TASK INSTRUCTIONS. Retype the listing found below exactly, but leave out each picture.

EXERCISE DATA.
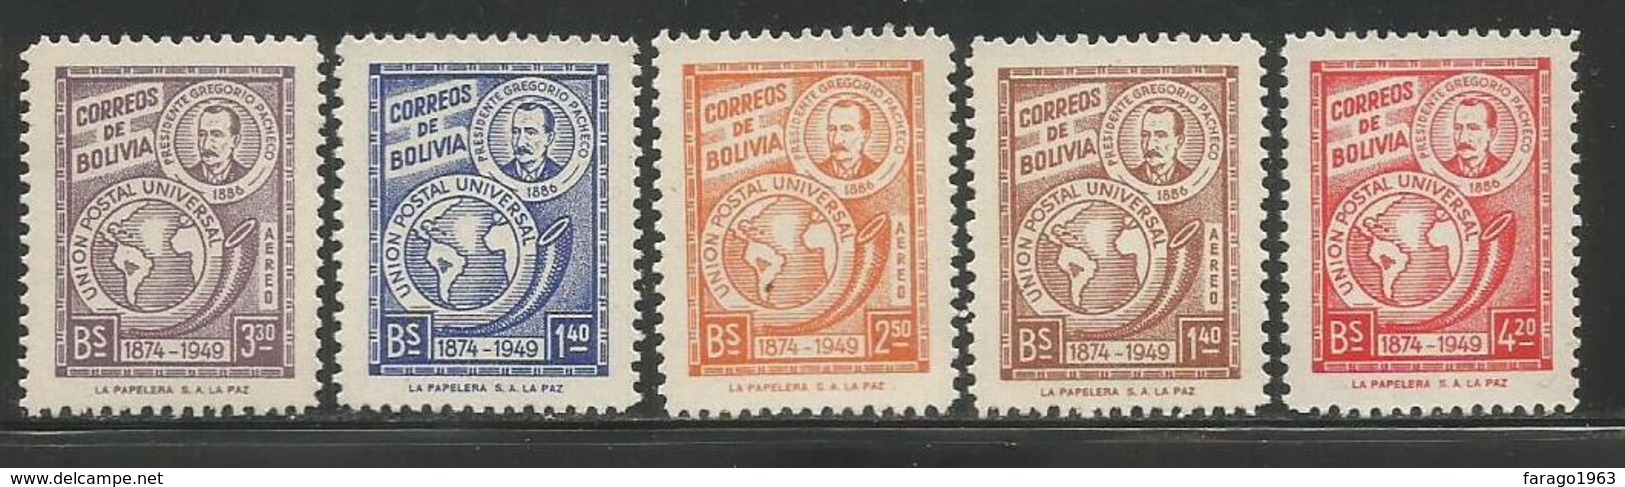 1950 Bolivia UPU   Complete Set Of 5  MNH - Bolivia
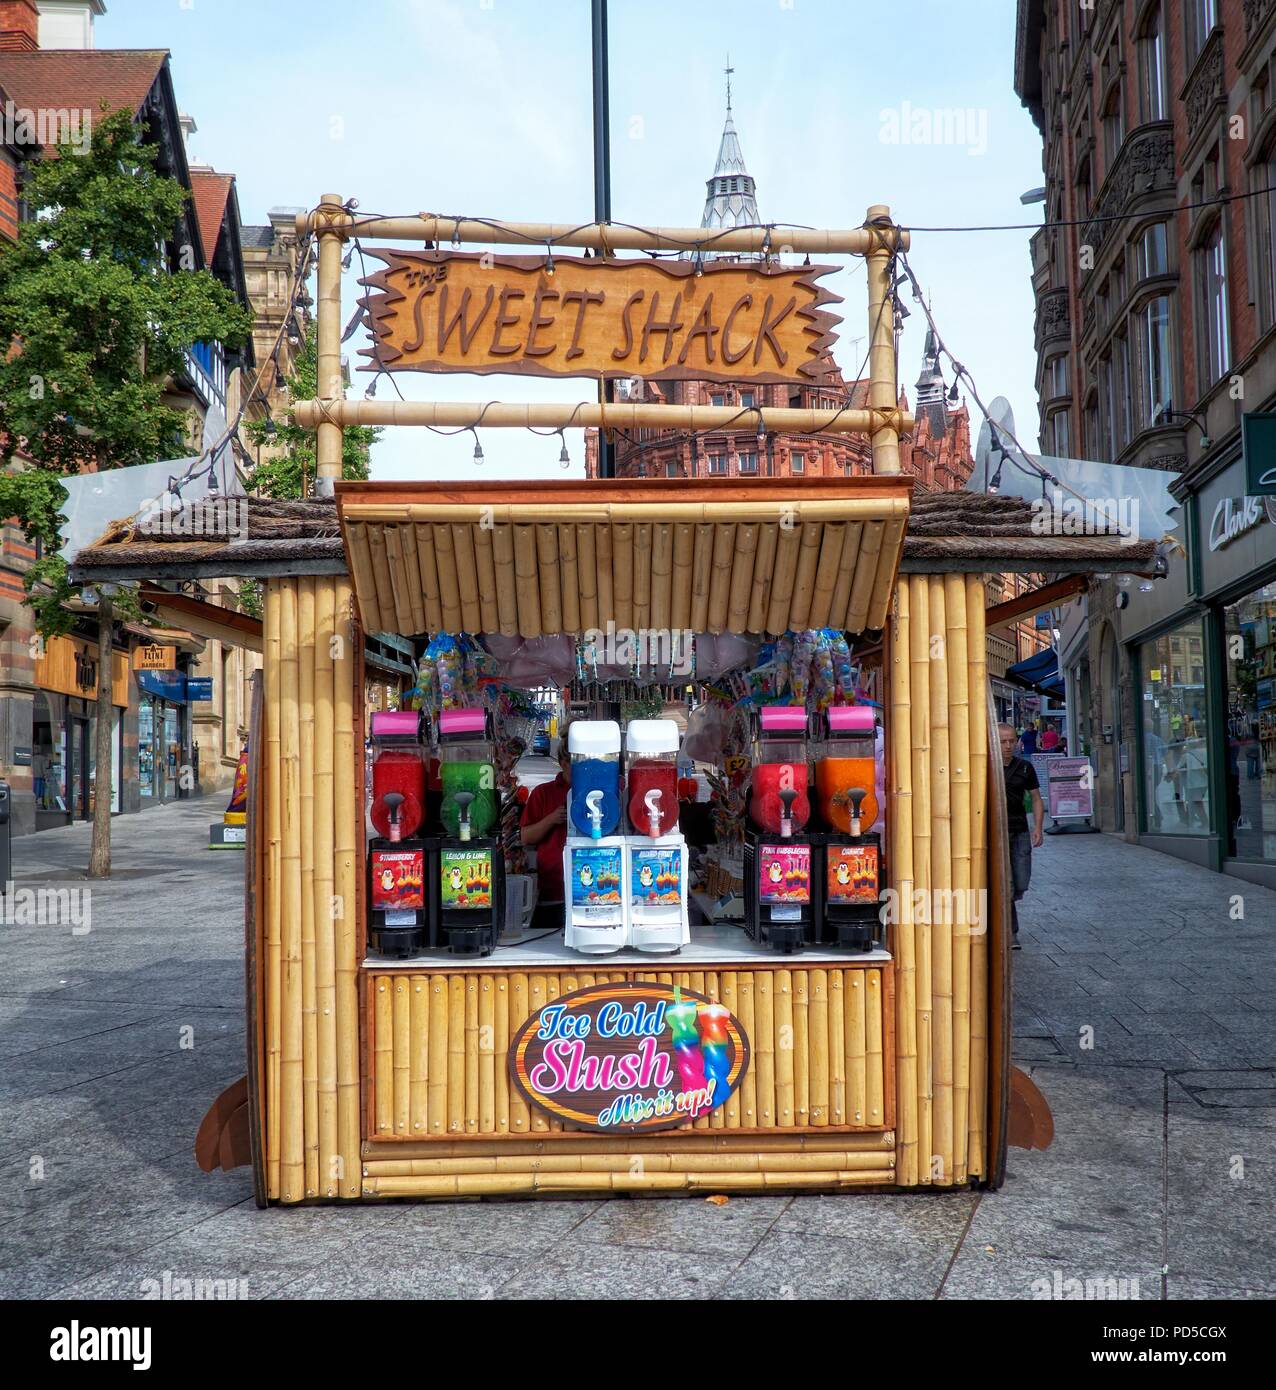 Slush dispensers on an outdoor stall kiosk,Nottingham,England,UK Stock Photo
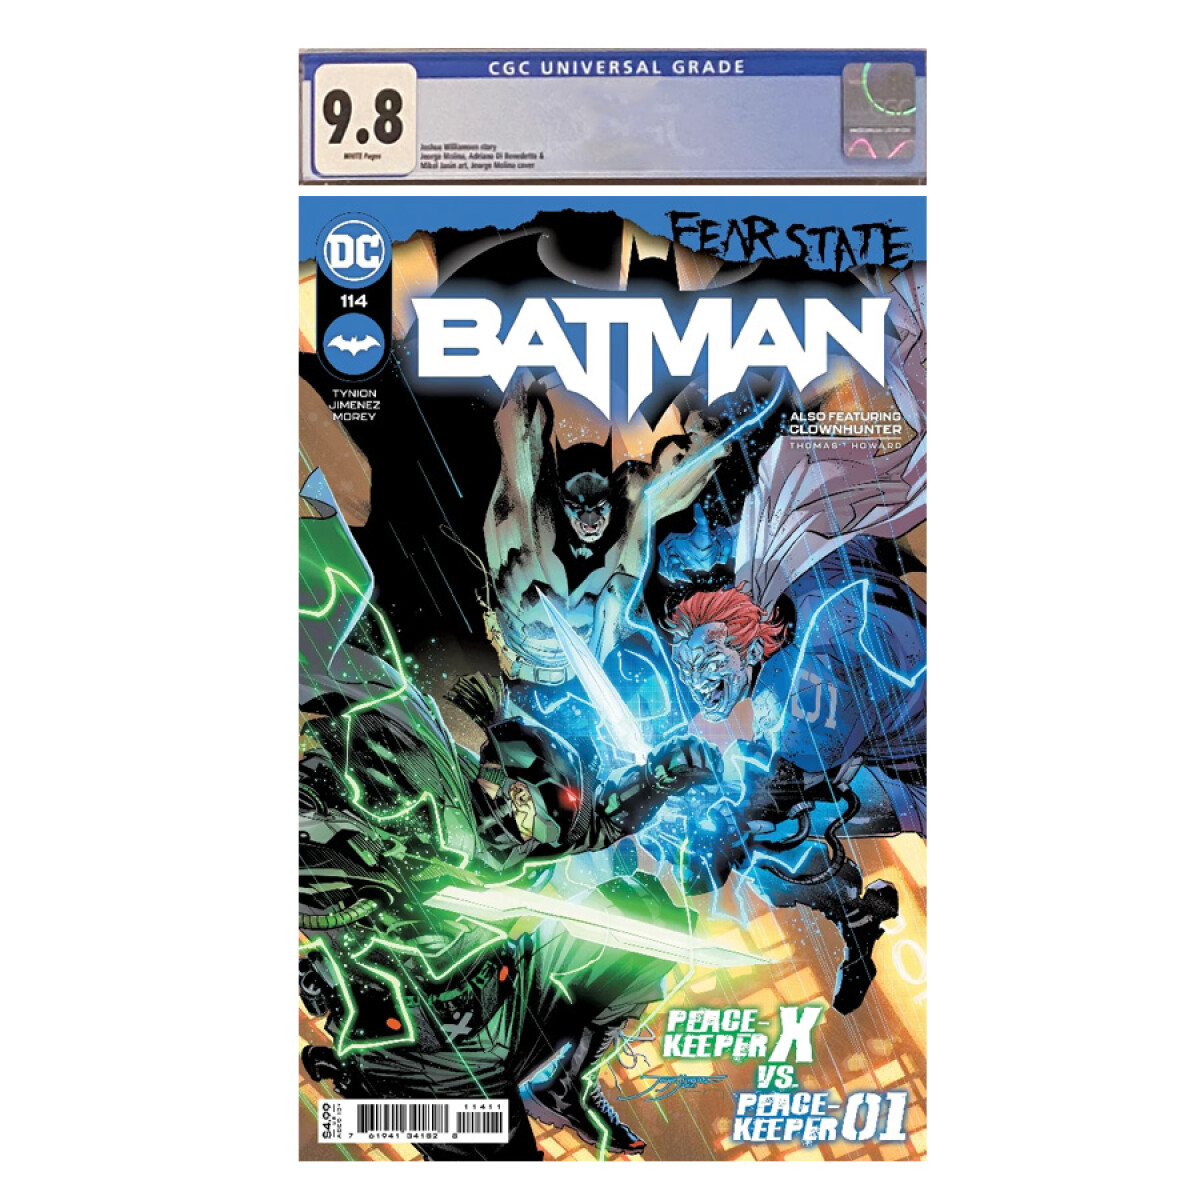 CGC Universal Grade Comic - Batman Fear State! · Batman #114

RESPONSE TO THE EXERCISE.
 1950 Bolivia UPU   Complete Set Of 5  MNH - Bolivia
 Slush dispensers on an outdoor stall kiosk,Nottingham,England,UK Stock Photo
 CGC Universal Grade Comic - Batman Fear State! · Batman #114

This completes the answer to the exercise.